Action Aid angered by UN 'snub'

Mathew Little

Action Aid has accused the UN Secretary-General Kofi Annan of hypocrisy after he barred NGOs from next year's UN Millennium Summit on global poverty.

Annan has said that lack of space in the UN building in New York and security concerns mean that civil society organisations will not be allowed to join world leaders at the talks next September.

The summit will review progress towards reaching the UN's anti-poverty Millennium Goals, five years after their launch in 2000.

Action Aid claims it is senseless to ban NGOs when the UN has designated them key partners. At present, the charity says progress is so slow that the UN will need a further 100 years beyond the current 2015 deadline to achieve its targets on reducing child mortality by two-thirds and halving world poverty.

"The declaration at the 2000 Millennium Summit committed the UN to develop strong partnerships with civil society organisations to wipe out poverty," said Steve Tibbett, Action Aid's head of policy and campaigns. "It is hypocrisy for the Secretary-General to exclude us and similar groups from these vital talks. Far from improving security, this decision could make New York less safe, with campaigners left out on the streets as world leaders debate poverty behind closed doors."

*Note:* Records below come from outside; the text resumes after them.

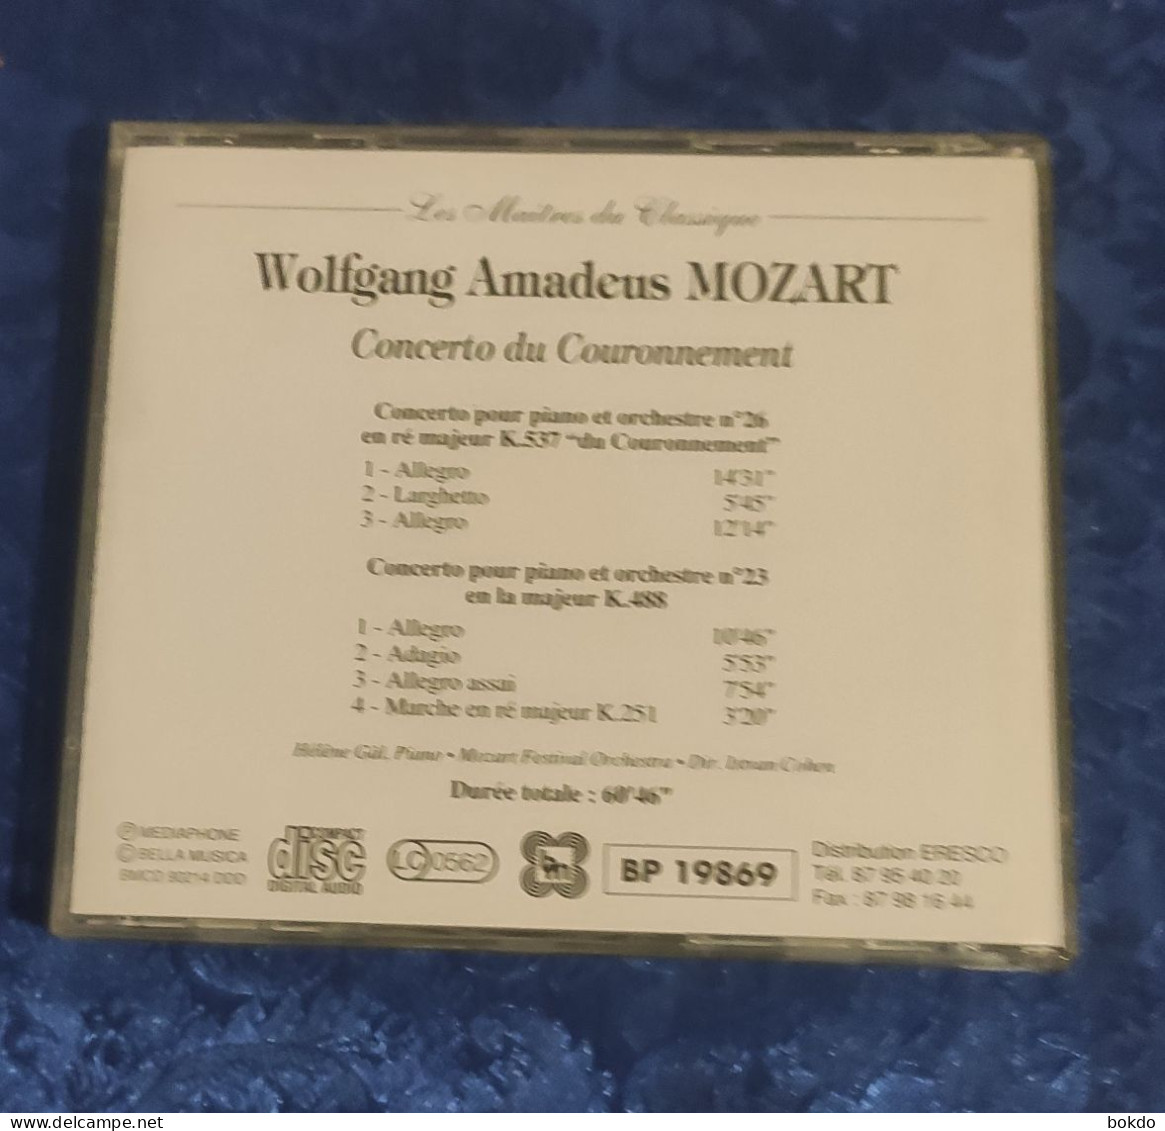 Mozart - Concerto Du Couronnement - Klassiekers
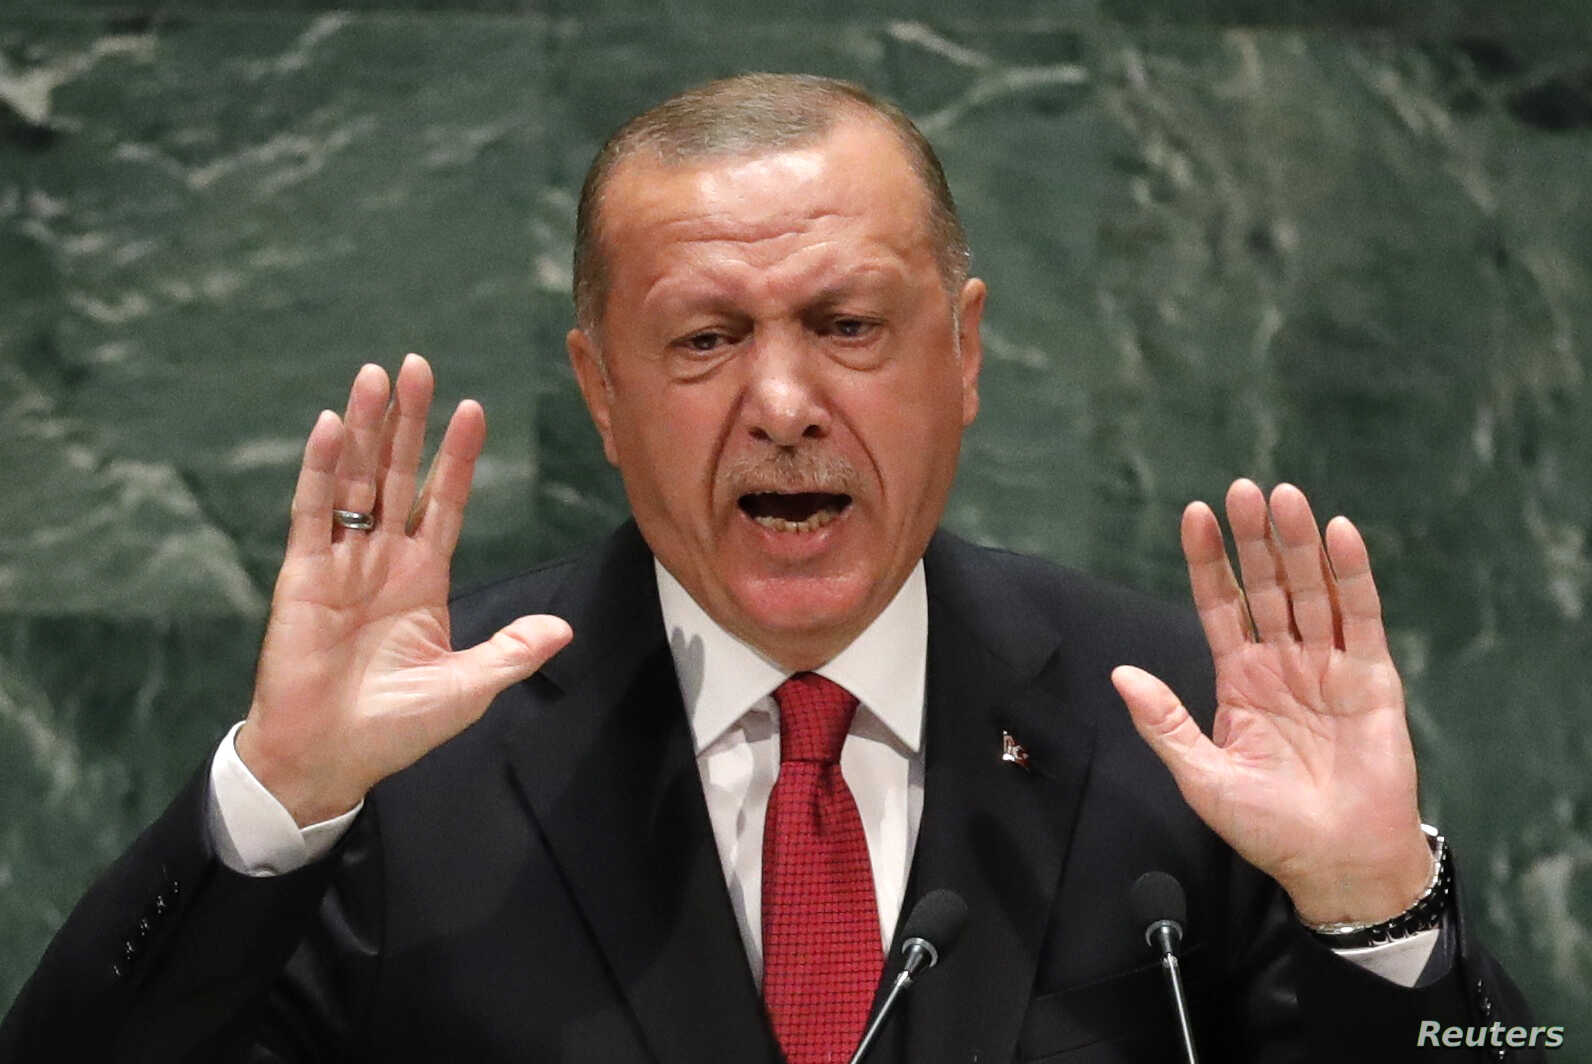 США должны понять, что это серьезный удар по отношениям между Анкарой и Вашингтоном, и заявления Байдена не являются бесследными: Эрдоган
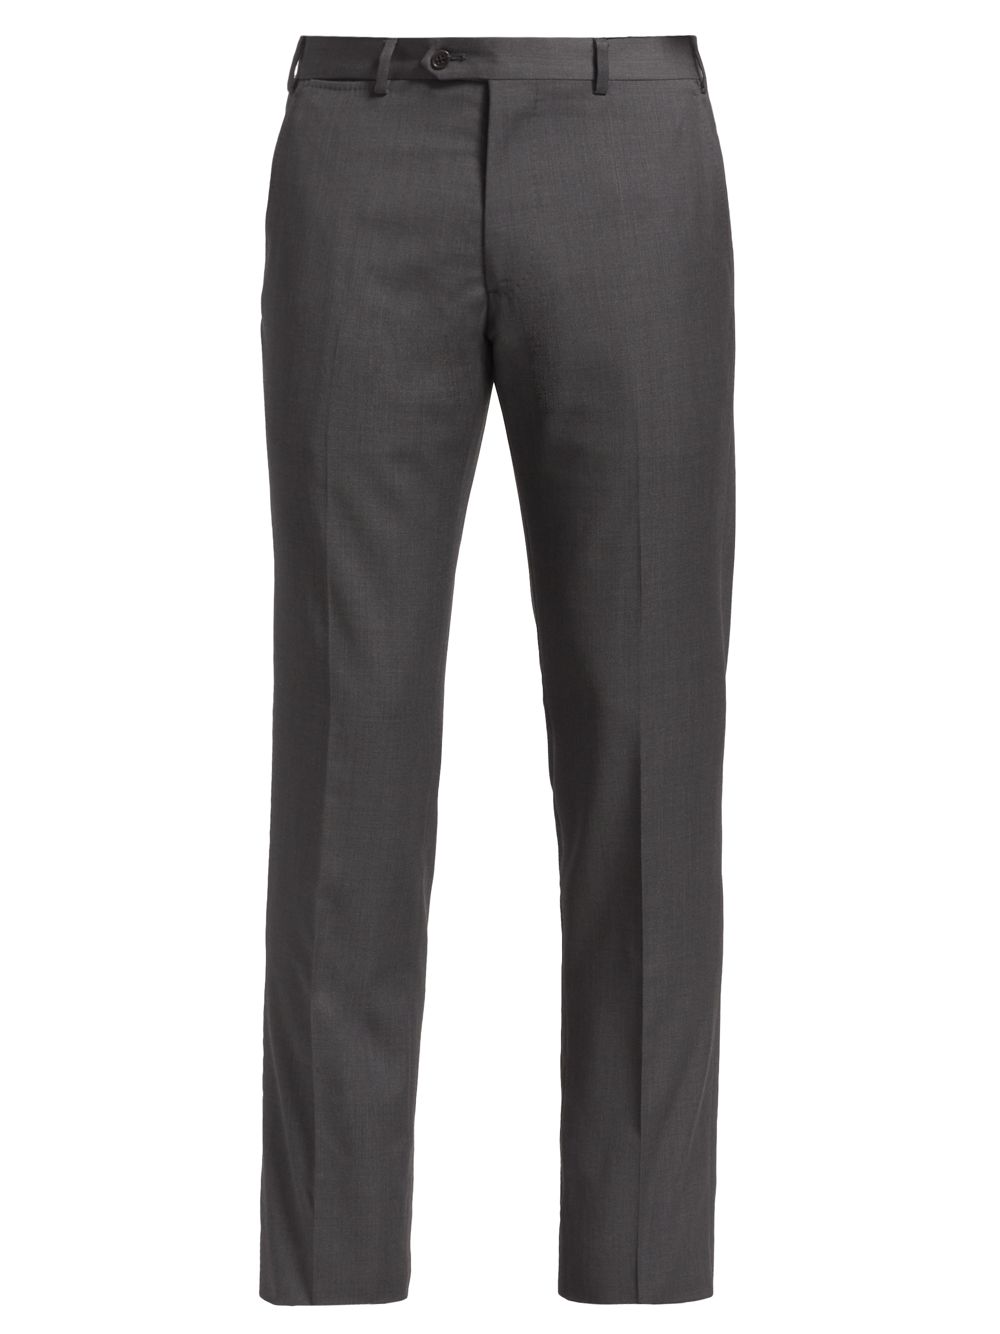 Узкие брюки из натуральной шерсти Emporio Armani, серый
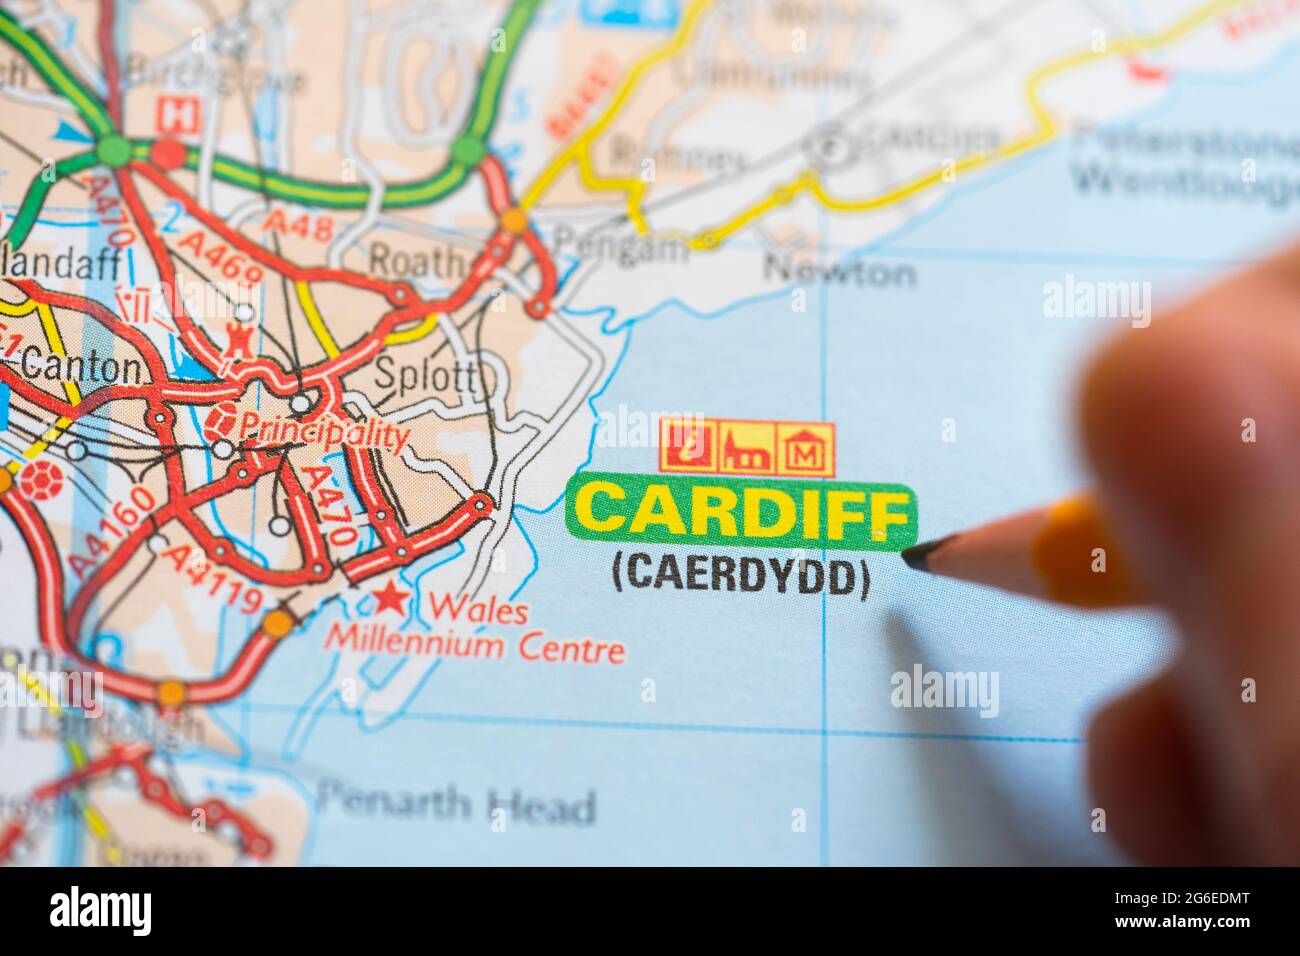 Primo piano di una pagina in una carta stampata atlante con una mano dell'uomo che tiene una matita che punta alla capitale del Galles - Cardiff (Caerdydd) Foto Stock
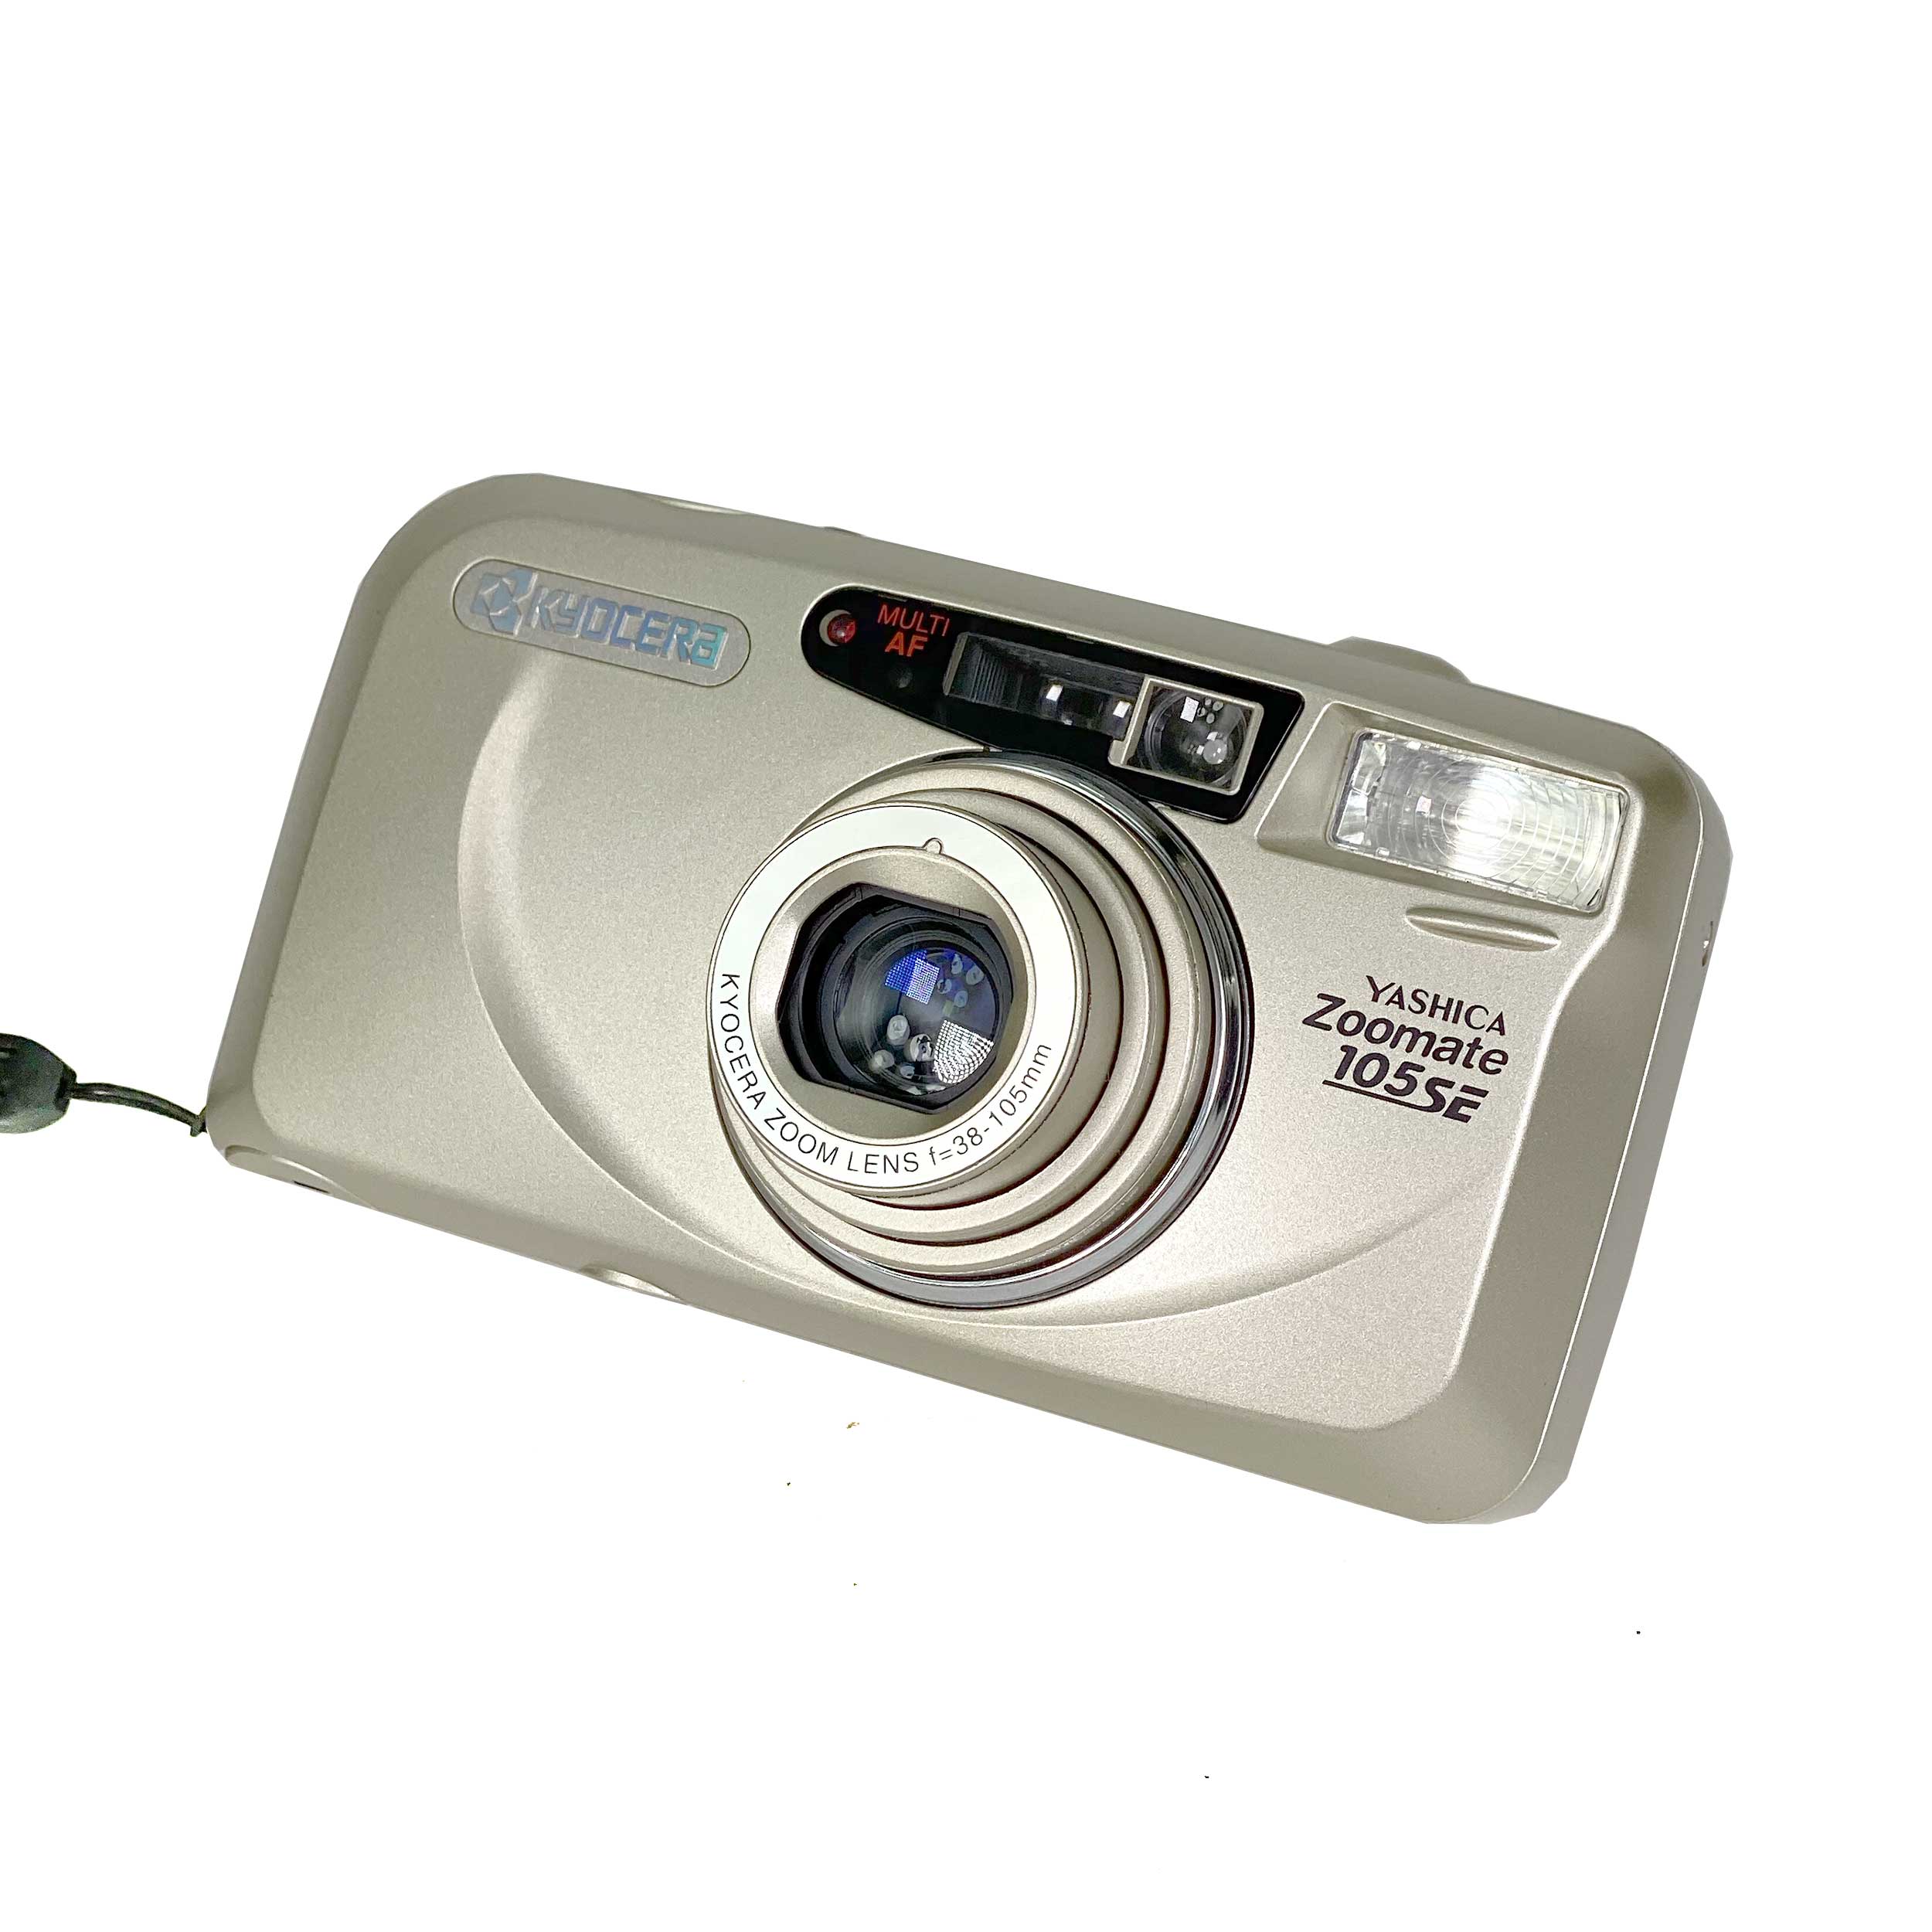 Yashica Zoomate 105 SE – Retro Camera Shop

The ban on NGOs was made as Oxfam released estimates that 45 million more children will die by 2015 because rich countries are not providing enough resources to fight poverty. Aid budgets are half the level they were in 1960, it said.

"2005 offers the chance of a historic breakthrough but unless world leaders act now, the year will end in shameful failure," said director Barbara Stocking.

A spokesman for Annan's office said that the Secretary-General had called on the UN General Assembly to organise a two-day hearing with NGOs next June as a way for them to influence the summit, but that broader participation was not possible.

A spokeswoman for Action Aid said there was a growing trend for NGOs to be shut out of international governmental and trade summits following the breakdown last year of the Cancun talks on trade liberalisation after African countries refused to sign. "World Trade Organisation officials felt civil society brought down the agreement, and since there has been restricted access," she said.

According to the charity, 30,000 children under five die each day in sub-Saharan Africa, five years after the announcement of the Millennium Goal to cut child mortality in the region by two-thirds. It estimates the target to cut the number of people who die from Aids, TB and malaria will not be reached until 2165.